Leren van incidenten en calamiteiten in de GGZ

De ggz is gewoonlijk niet erg spraakzaam over incidenten met patiënten. Suïcide, moord, brand, grensoverschrijdend gedrag – voor de buitenwacht is het meestal gissen wat er is gebeurd. Met hun boek ‘Veiligheid in de ggz’ geven Alette Kleinsman (psychiater en directeur behandeling bij GGz Breburg) en Nico Kaptein (calamiteitenonderzoeker) een kijkje in de keuken.

Aan de hand van dertien, in verband met de privacy bewerkte, casussen lichten ze toe waarom het regelmatig misloopt binnen instellingen en op welke manier toekomstig leed kan worden voorkomen. De rode draad in hun verhaal: denk niet dat je, door een schuldige aan te wijzen, het probleem hebt opgelost.

Het is toch nogal wiedes dat iemand verantwoordelijk is als er iets misloopt?

Kleinsman: “Mensen die zeggen ‘we zullen de schuldige vinden en die zal gestraft worden’, gaan voorbij aan de context waarbinnen incidenten plaatsvinden. Als je focust op de vraag ‘wie heeft het gedaan’, leidt dat er in de praktijk meestal toe dat de laagste in de hiërarchie de klos is; bijvoorbeeld de verpleegkundige die verkeerde medicatie toedient. Maar degene die de laatste handeling verricht, maakt onderdeel uit van een proces waaraan veel meer mensen bijdragen. Je moet dus dat hele proces onder de loep nemen.”

Kaptein: “Er is geen wetenschappelijk onderzoek bekend waaruit blijkt dat het helpt om ggz-medewerkers te straffen na een fout of vergissing. De maatschappij roept er soms om, en dat kun je als (tucht)rechter willen honoreren, maar de zorg wordt er niet veiliger van. Het helpt wel als leidinggevenden hun verantwoordelijkheid nemen door kritisch naar hun eigen rol te kijken, en uitzoeken waardoor de fout is gemaakt en waarom deze zulke ernstige consequenties kon hebben.”
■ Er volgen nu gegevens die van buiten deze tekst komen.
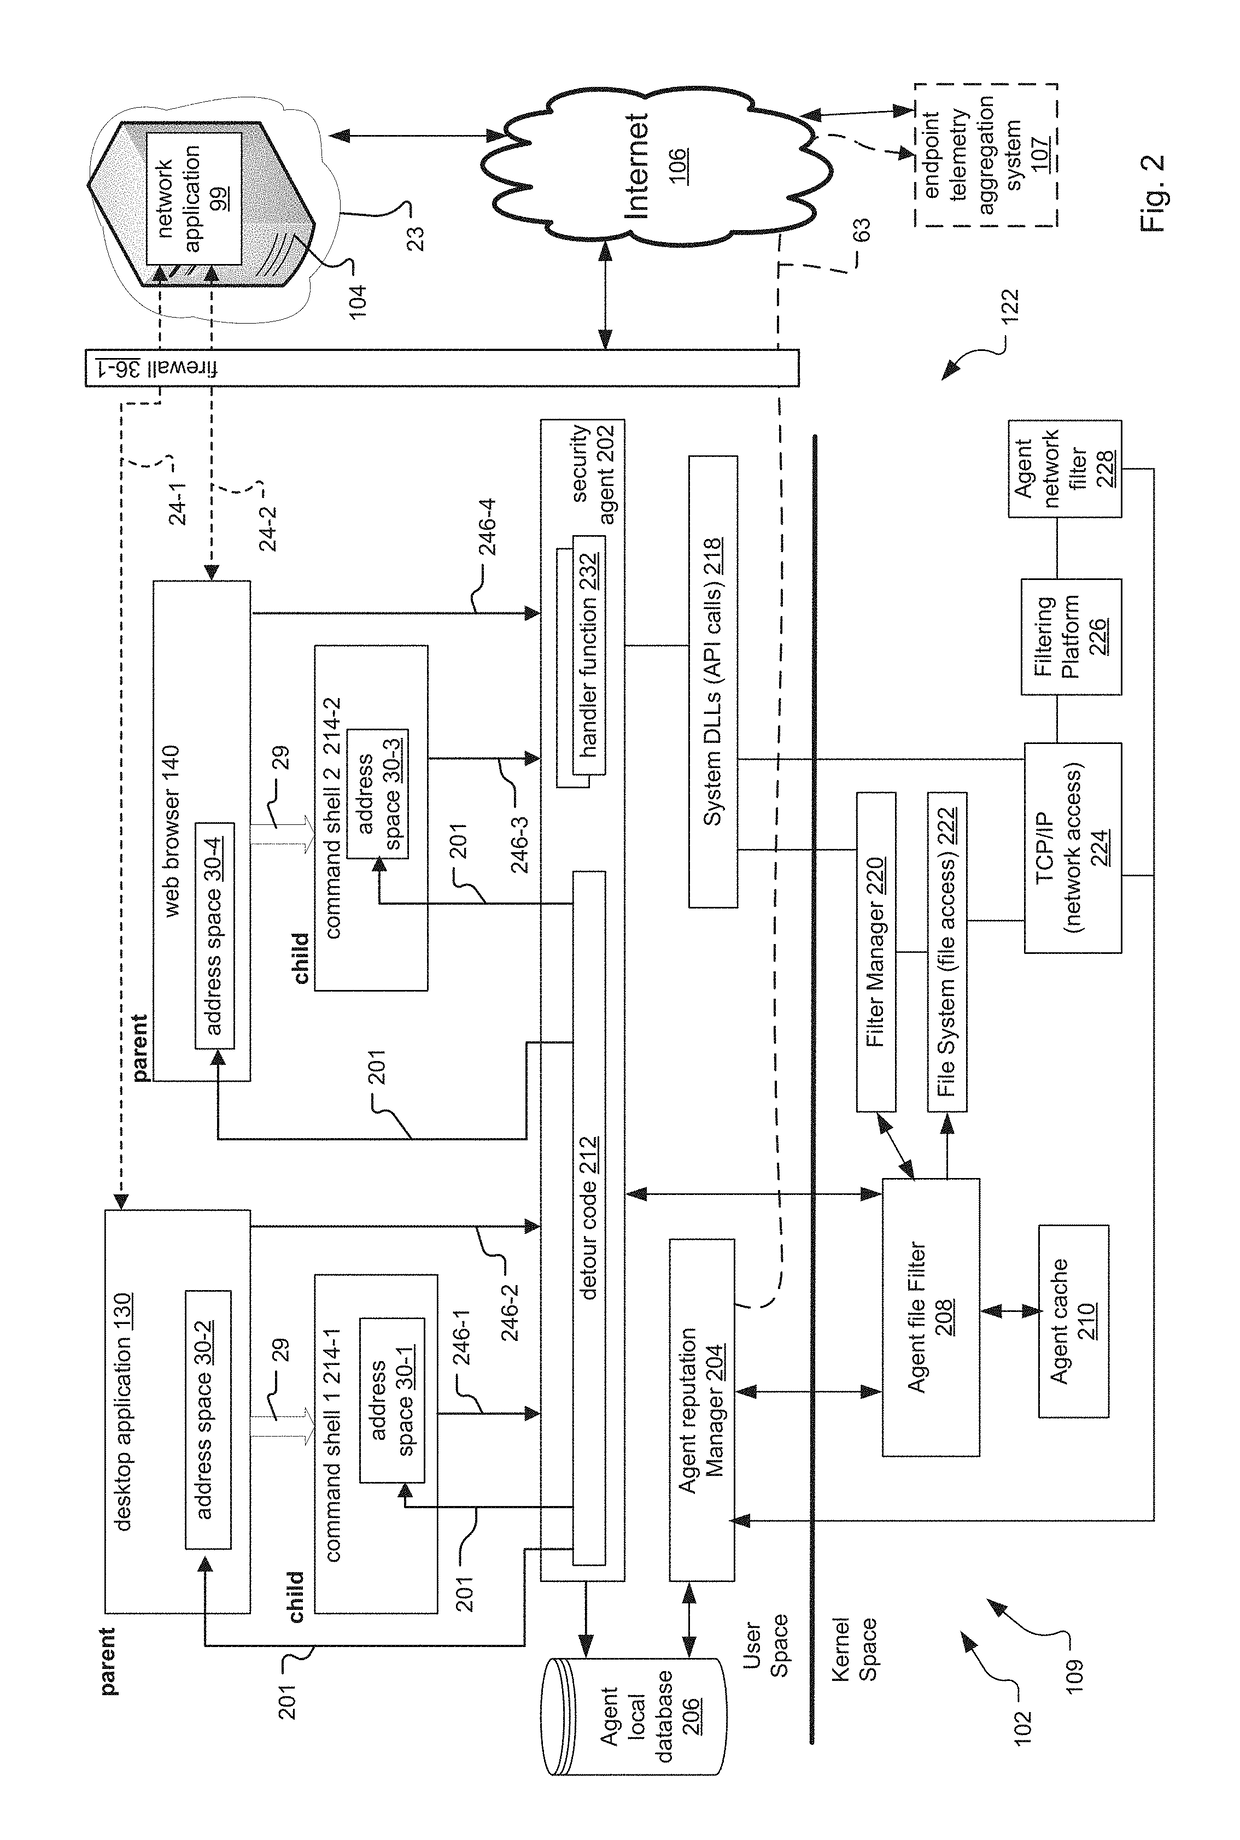 System and Method for Reverse Command Shell Detection
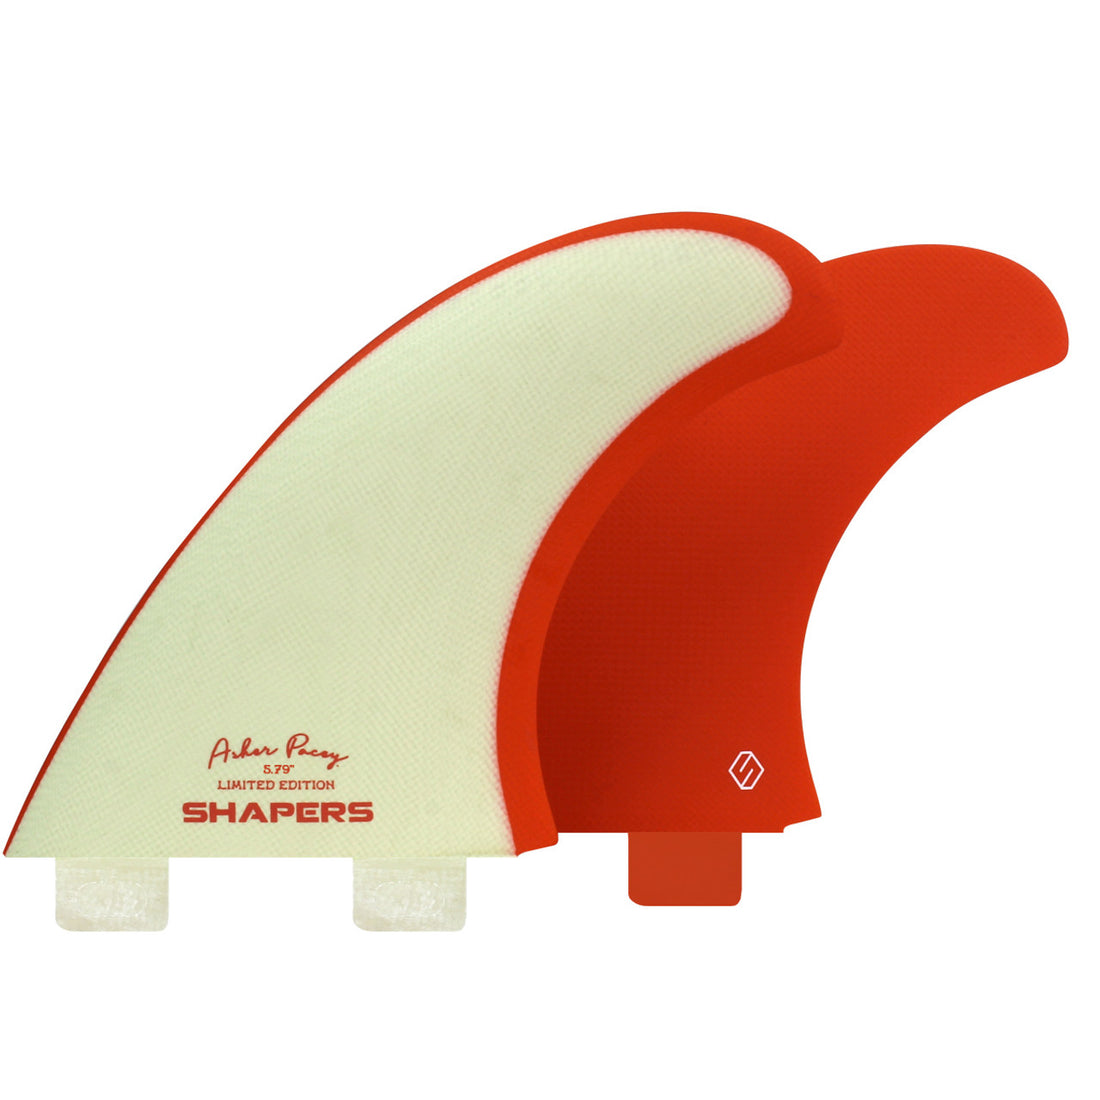 Shapers Fins - AP 5.79" (FCS1) Asher Pacey Twin Fins + Trailer - Orange

Ze verwijzen naar de casus van ‘Monique’, een verpleegkundige die deel uitmaakte van een team dat psychische zorg aan huis levert. Dit zogeheten fact-team had ‘Harold’ onder zijn hoede, een patiënt die zelfmoord pleegde. In deze periode vonden er veel wisselingen in het team plaats en waren er in een jaar tijd al drie interim-psychiaters voorbij gekomen, waarvan er een geïrriteerd reageerde als hij werd geconsulteerd.

De verpleegkundigen raakten er daardoor aan gewend ook over moeilijke kwesties onderling te overleggen. Toen Monique vertelde dat ze betwijfelde of Harold zijn medicatie nog wel innam en dat hij verkapte suïcidale uitspraken deed, besloot het team dat er voortaan elke dag iemand bij Harold langs moest gaan. Die nacht sprong hij voor de trein.

De volgende dag werd Monique onmiddellijk op non-actief gesteld omdat ze verzuimd had een psychiater in te schakelen. Volgens het onderzoek dat daarna werd gedaan, was dat inderdaad de cruciale fout. De raad van bestuur besloot daarom maatregelen tegen Monique te nemen, maar toen had ze haar baan al opgezegd. Snel daarna zocht meer dan de helft van het team elders emplooi.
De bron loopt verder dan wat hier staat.